No, it’s skewed right a bit. todo explain

Why aren’t Poissons always symmetrical?

todo answer

What does standard deviation mean in a normal distribution?

A larger standard deviation means the distribution has a wider range, while a smaller standard deviation means it has a smaller range.

Draw a normal distribution with a small and large standard deviation.
If a distribution has a longer left tail, can it be normal? What if the mean is shifted right?

If the left tail is longer than the right tail, then it’s not normal. The mean can be anywhere you want, though, and the standard deviation can also be whatever you want.

How and why might you use the central limit theorem?

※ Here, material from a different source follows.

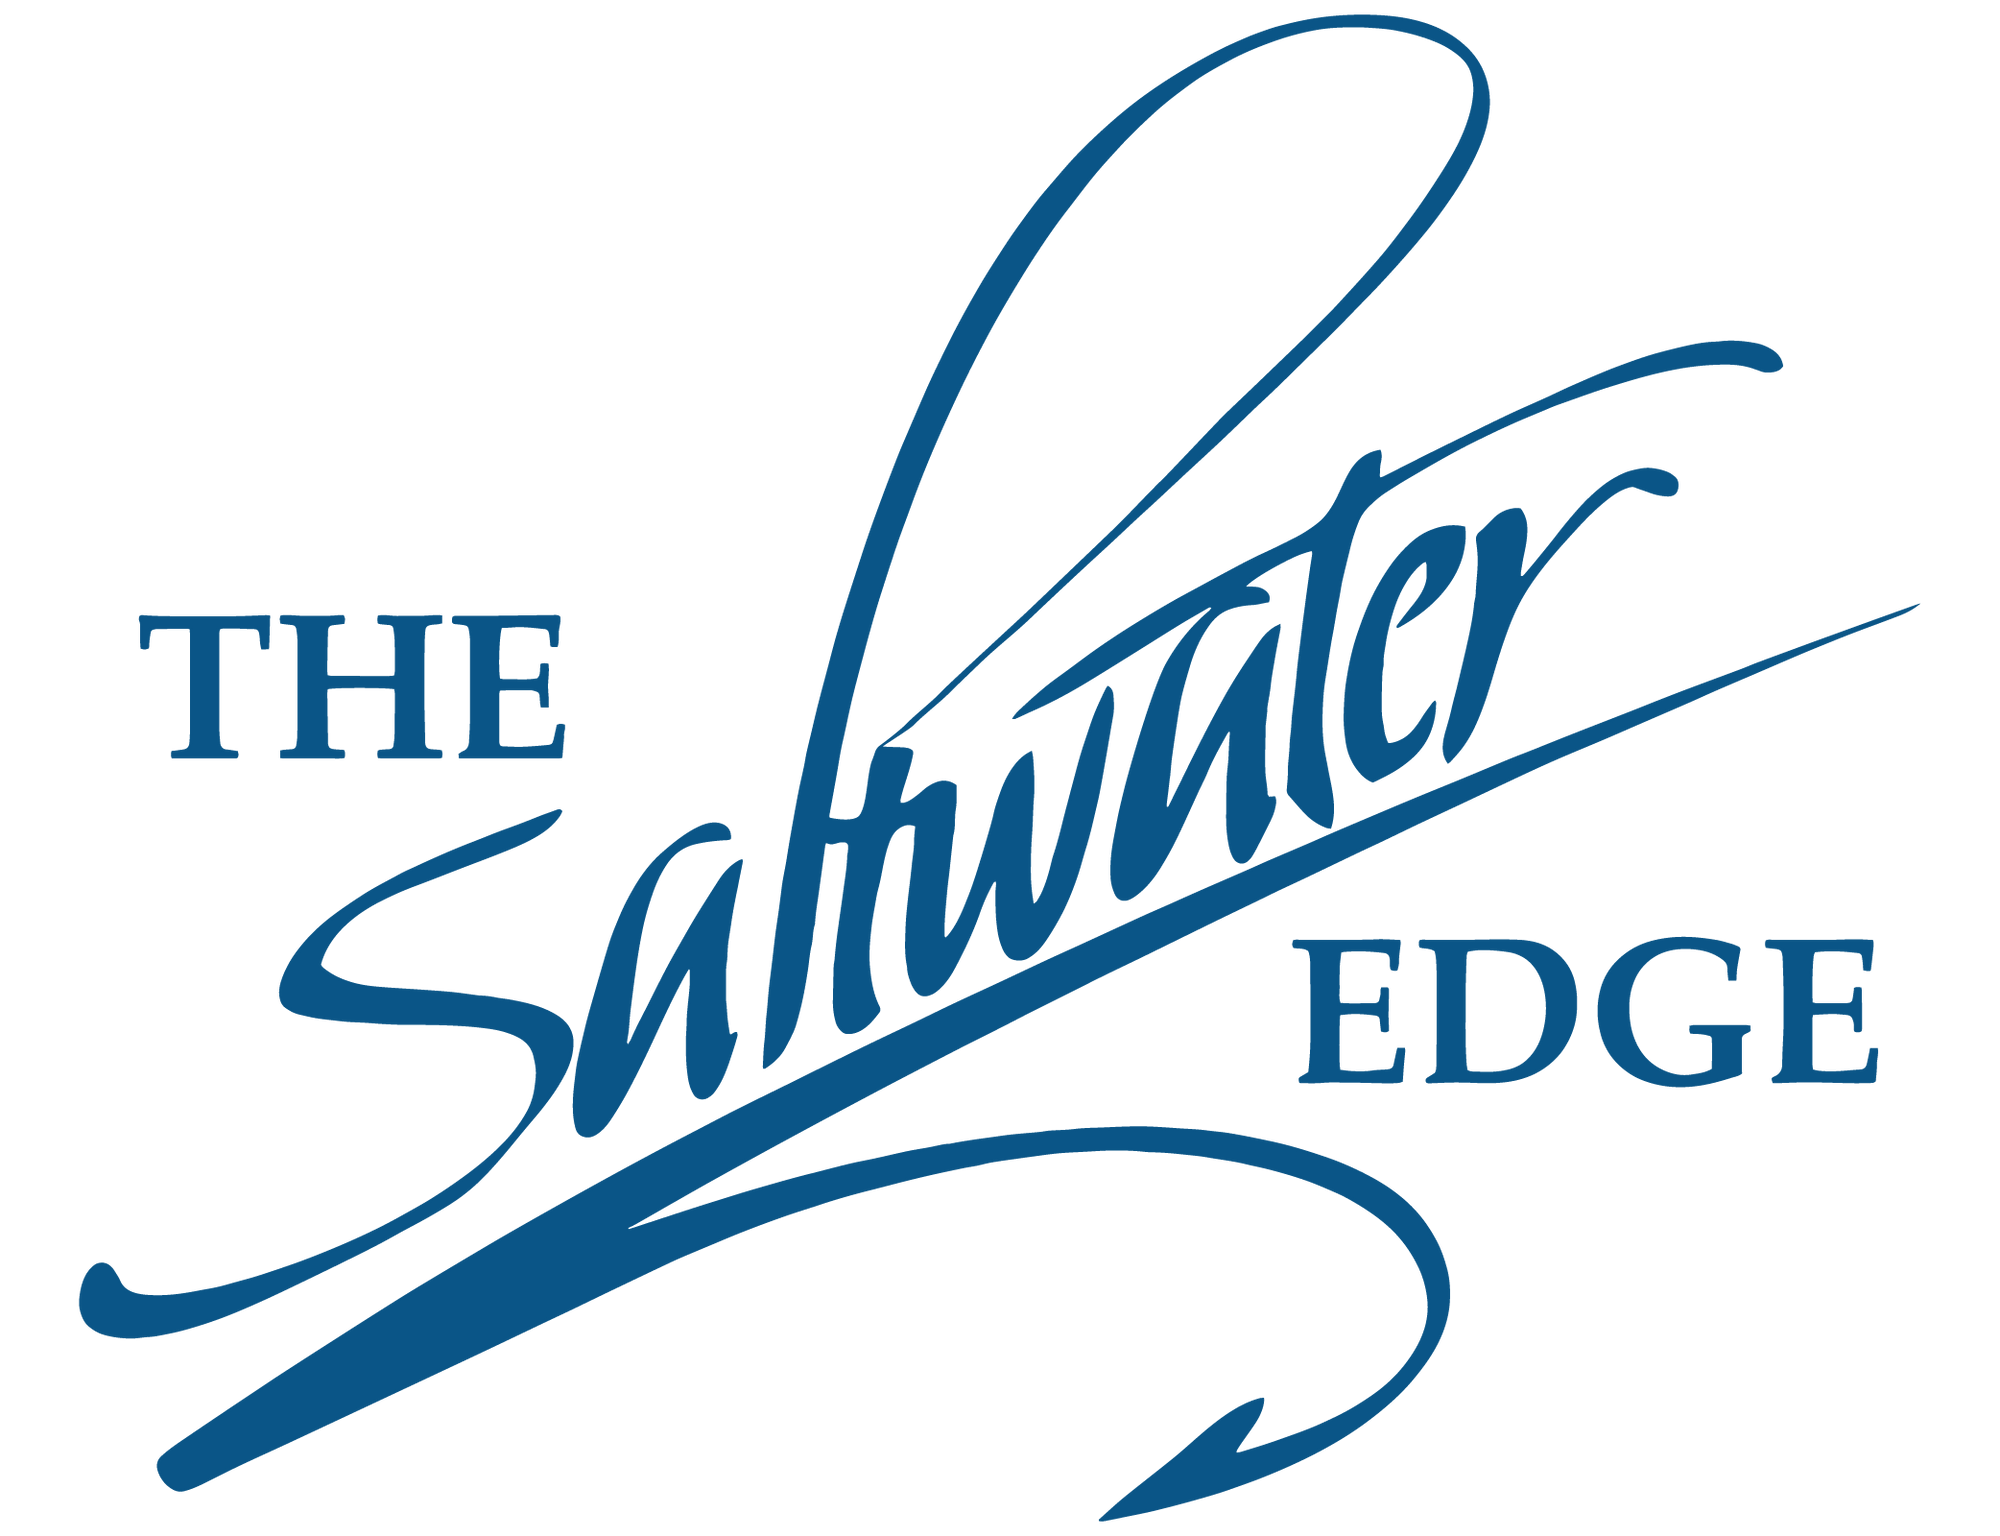 Van Staal VR Series Spinning Reels - The Saltwater Edge
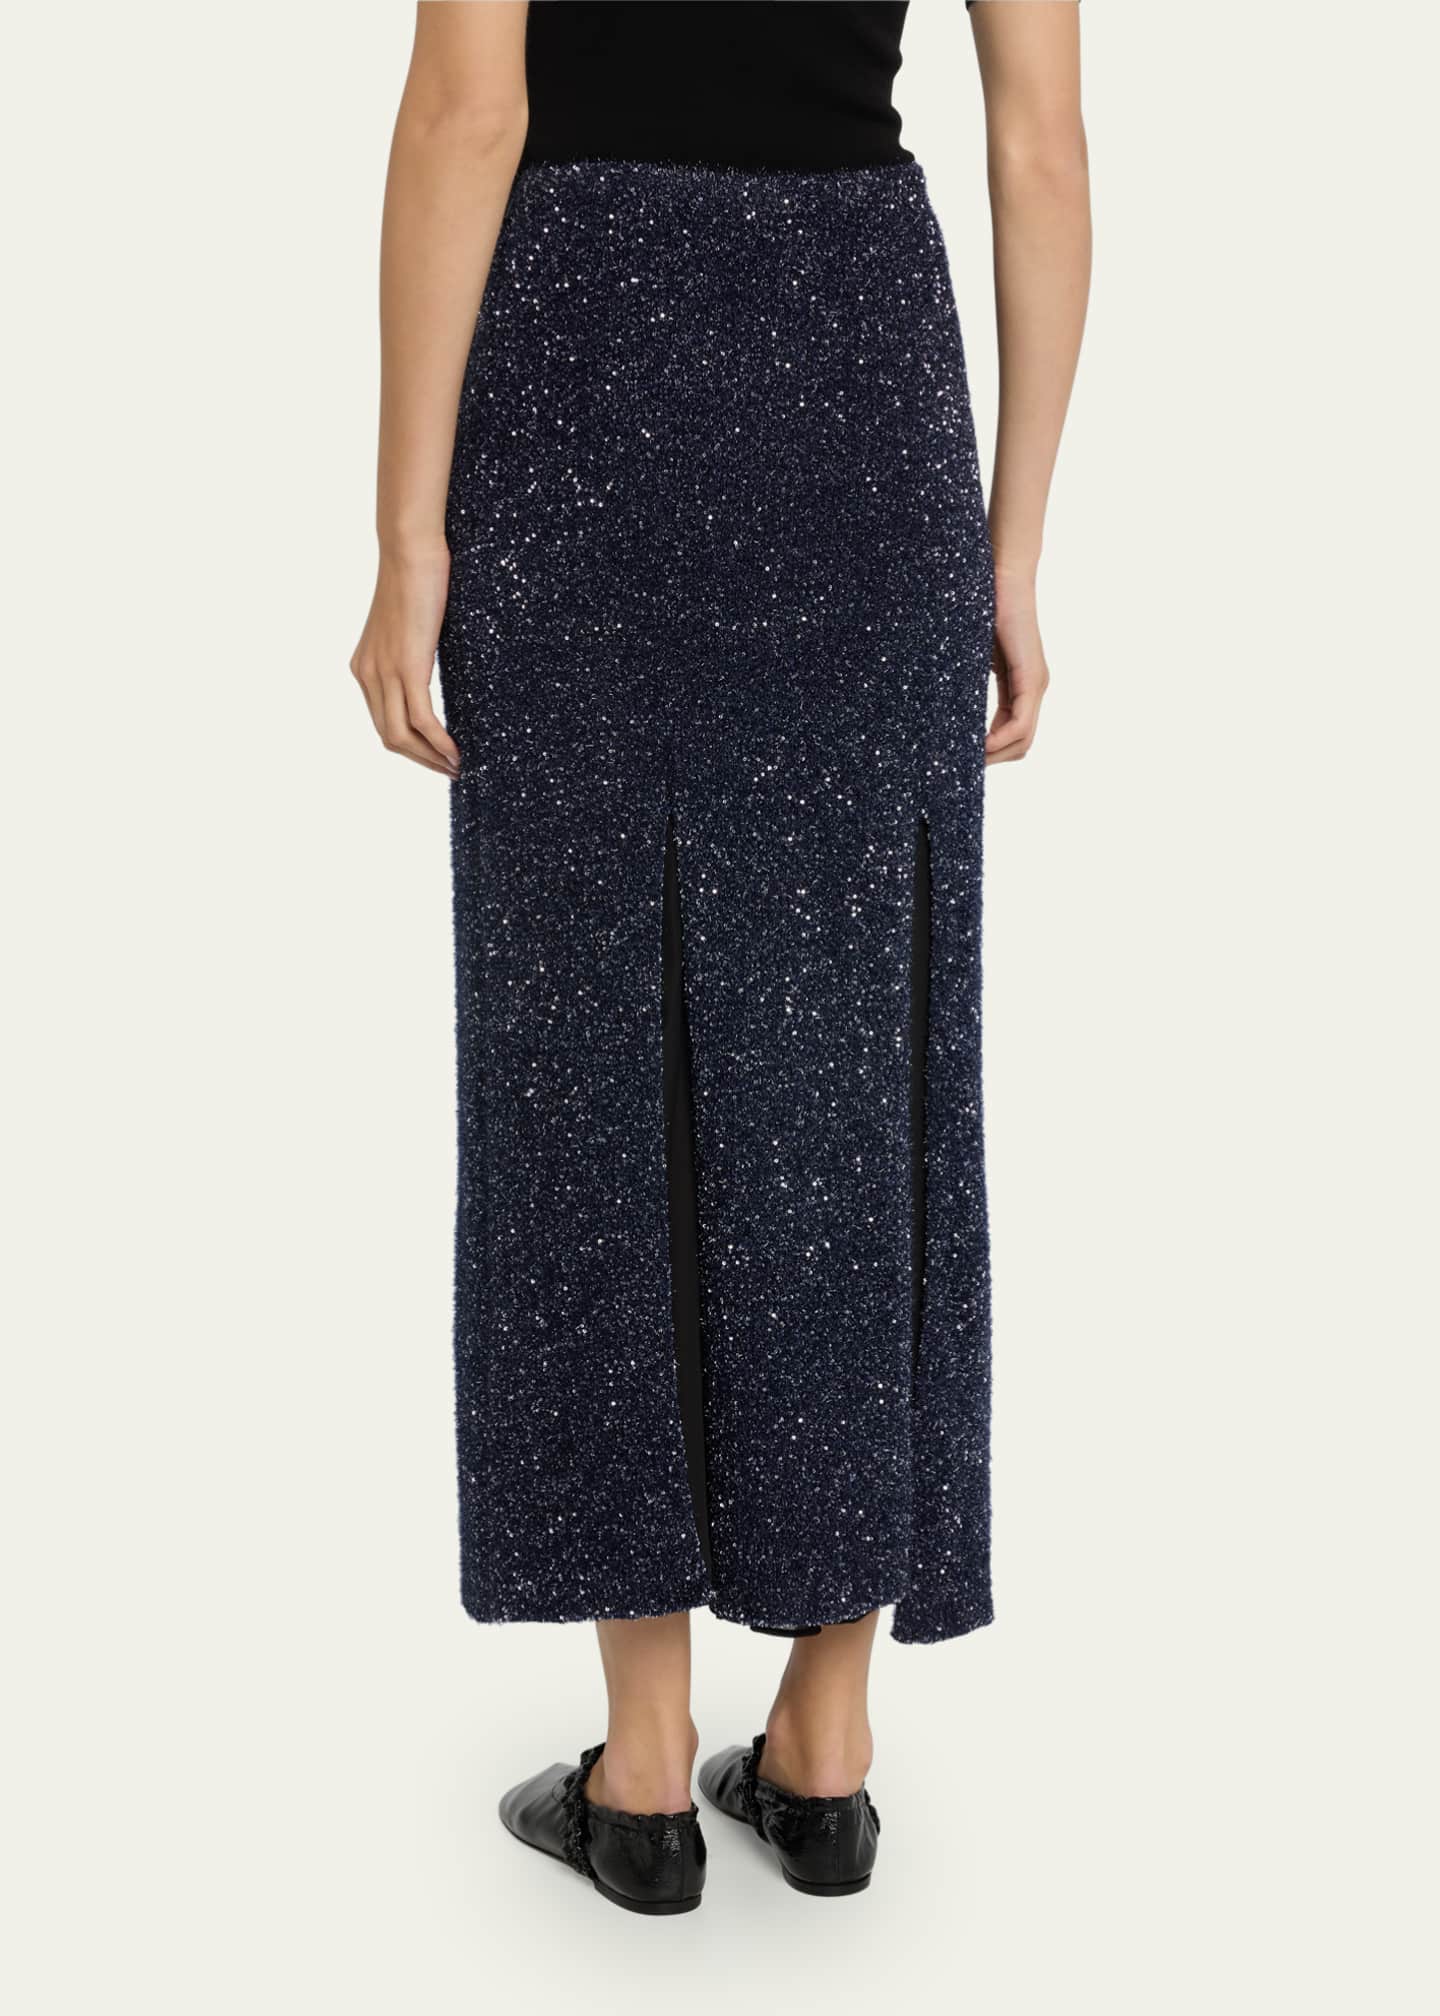 Proenza Schouler Technical Sequin Knit Slit Skirt - Bergdorf Goodman

If you two distributions that aren’t normal but you want to compare them, you can sample them a bunch of times and get the means of those samples. Now you have two normal distributions that you can do t-tests and other stuff on.

Hypothesis testing

Warning

Be prepared for “intense” questions on this topic

Types of hypothesis tests:

Z-test (not mentioned in review guide but good to know anyway)
- Use if population variance known OR if sample size > 30
- Continuous data
- Parametric
T-test
- Use if population variance unknown AND sample size < 30
- Continuous data
- Parametric
ANOVA
- Multiple groups
- Continuous data
- Parametric
Chi-squared
- Categorical data
Mann-Whitney
- Ordinal or continuous data
- Non-parametric
Dickey-Fuller
- Used for checking if time series are stationary
- A time series is stationary if it has no trend (if it has a constant mean and variance)
Pearson’s Correlation Coefficient
- Used as a measure of Effect Size

Questions:

Does p-value have anything to do with effect size? If so, how might they relate?

If you keep your sample size the same, a larger effect size means a smaller p-value (?)

Dicky-Fuller tests for a unit root in a time series? What does that mean?
When might you choose a significance level higher than .05? What about one that’s lower?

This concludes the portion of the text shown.